Data:
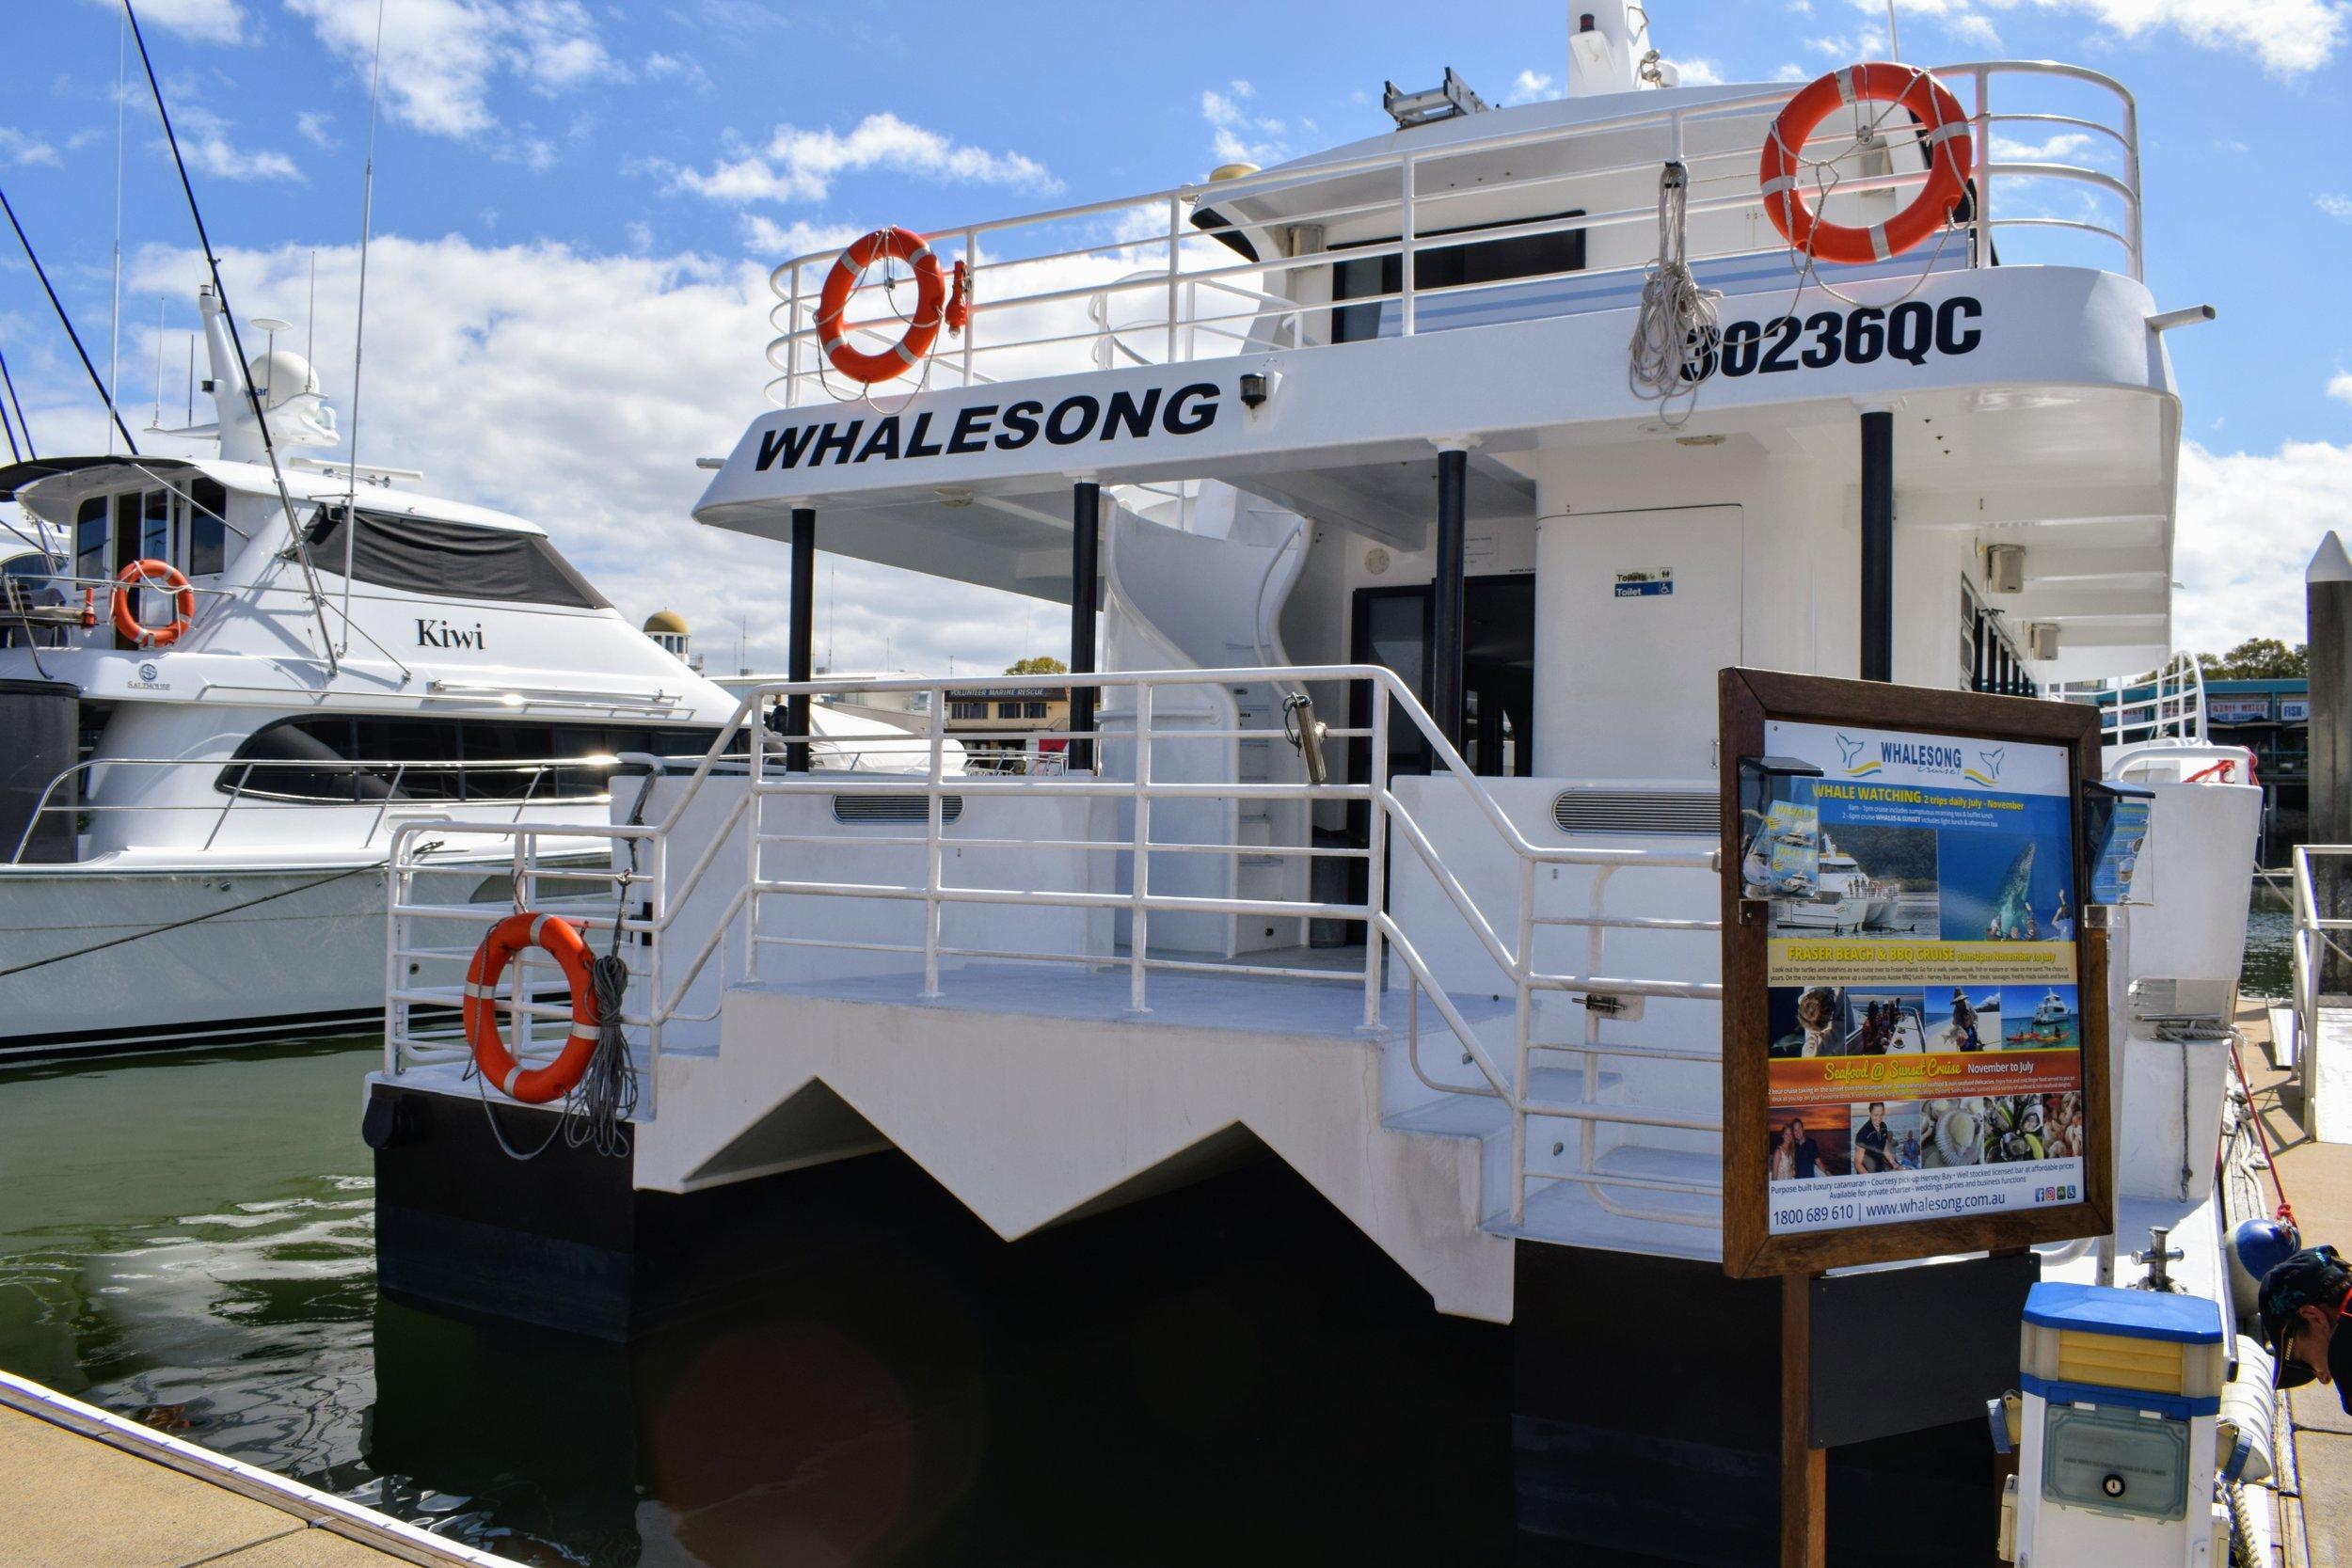 The MV Whalesong 2 docked at Urangan Marina.
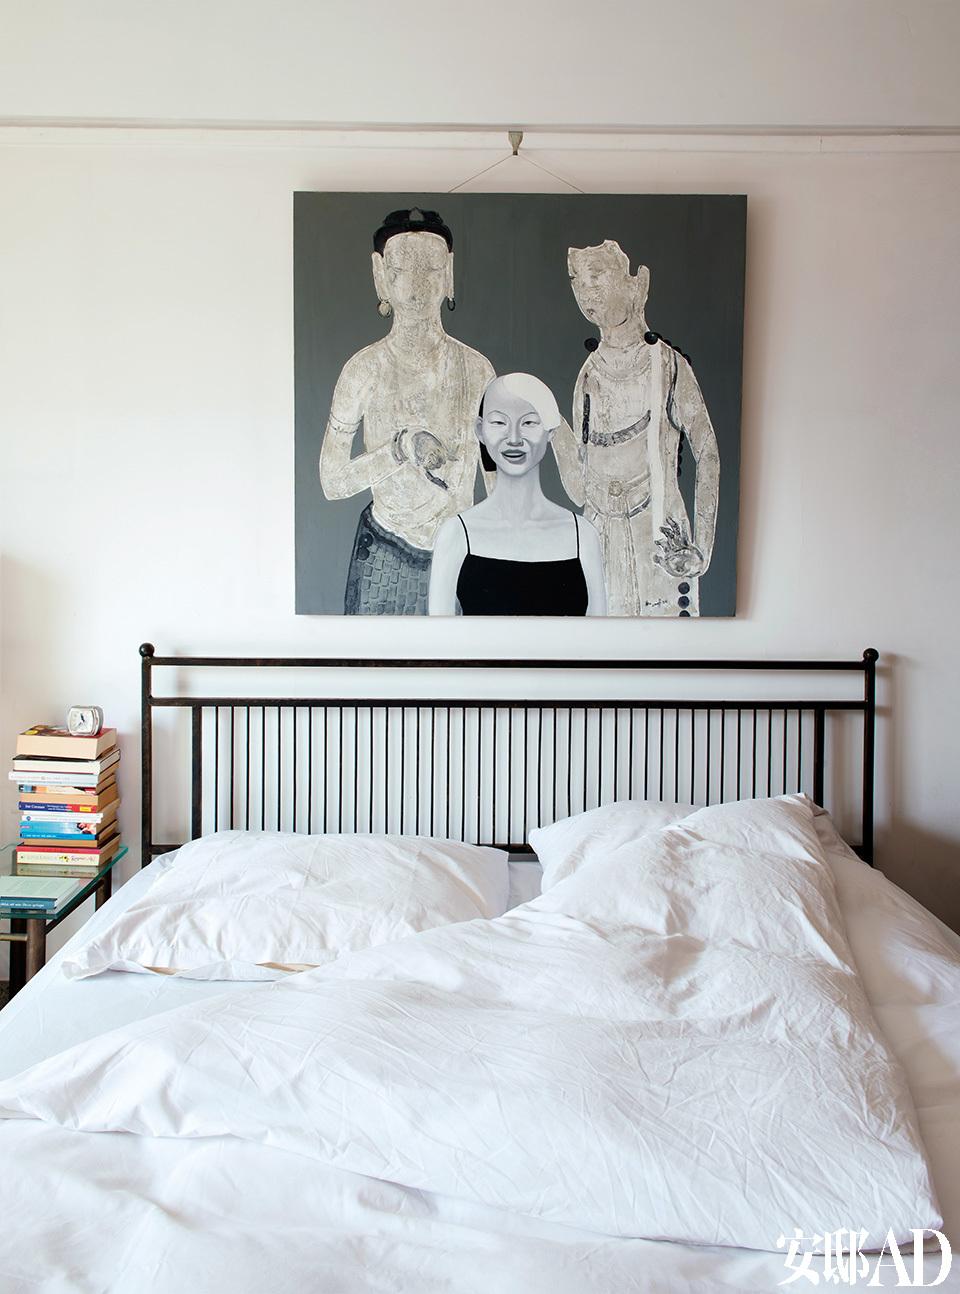 """主卧室中的油画来自肖红,岳夫人当时看到画中的三个人物,一下子就联想到了著名的""""宋氏三姐妹"""",于是便买下它。""""中间那位时髦的小姐就像我心中的宋美龄啊!""""岳夫人说道。铁质床以及旁边的铁质床头柜,都是由岳夫人自己设计,请铁艺家具制作师王志海打造的。肖红创作的油画,成了岳夫人心中的""""宋氏三姐妹"""",与她自己设计的复古铁床在色调上完美契合。"""
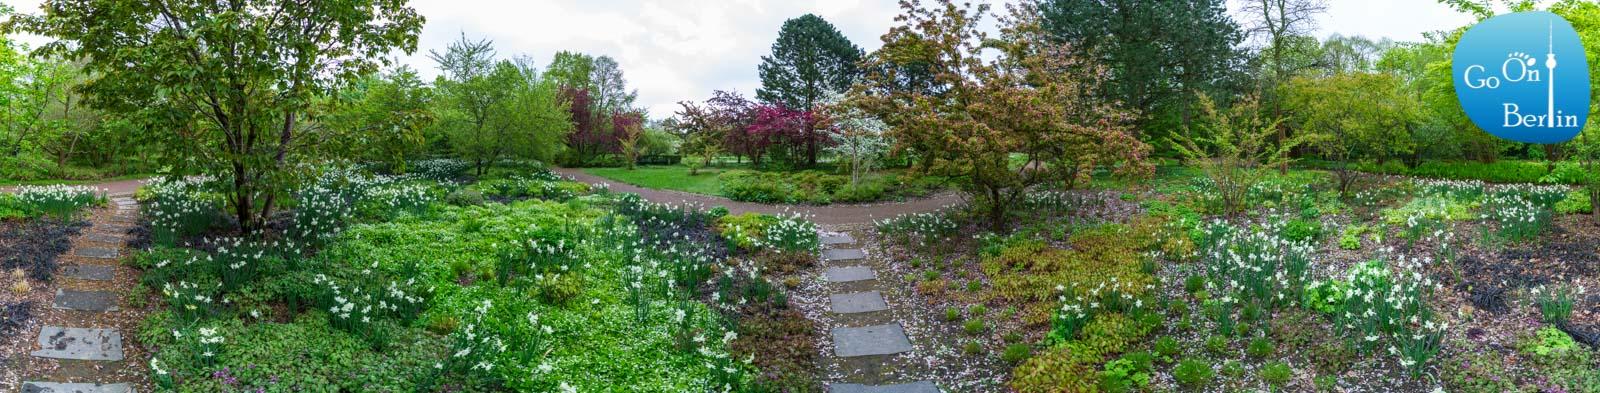 בריצר גארטן - Britzer Garten
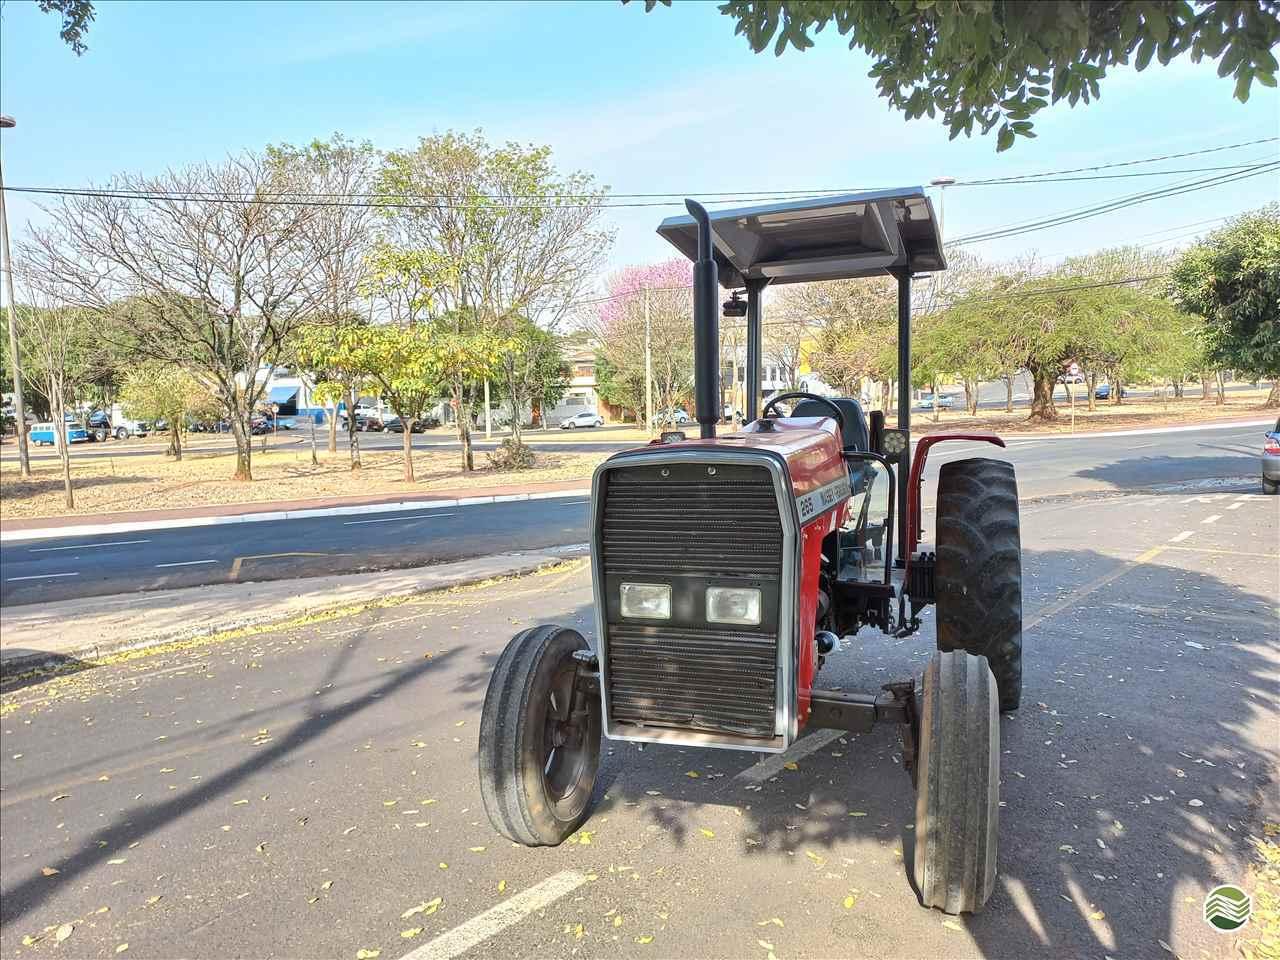 TRATOR MASSEY FERGUSON MF 265 Tração 4x2 Rei dos Tratores São José do Rio Preto SÃO PAULO SP

Work instructions:
All that is needed is the data above, repeated exactly, without the pictures.

Answer space:
 The MV Whalesong 2 docked at Urangan Marina.
 """主卧室中的油画来自肖红,岳夫人当时看到画中的三个人物,一下子就联想到了著名的""""宋氏三姐妹"""",于是便买下它。""""中间那位时髦的小姐就像我心中的宋美龄啊!""""岳夫人说道。铁质床以及旁边的铁质床头柜,都是由岳夫人自己设计,请铁艺家具制作师王志海打造的。肖红创作的油画,成了岳夫人心中的""""宋氏三姐妹"""",与她自己设计的复古铁床在色调上完美契合。"""
 בריצר גארטן - Britzer Garten
 TRATOR MASSEY FERGUSON MF 265 Tração 4x2 Rei dos Tratores São José do Rio Preto SÃO PAULO SP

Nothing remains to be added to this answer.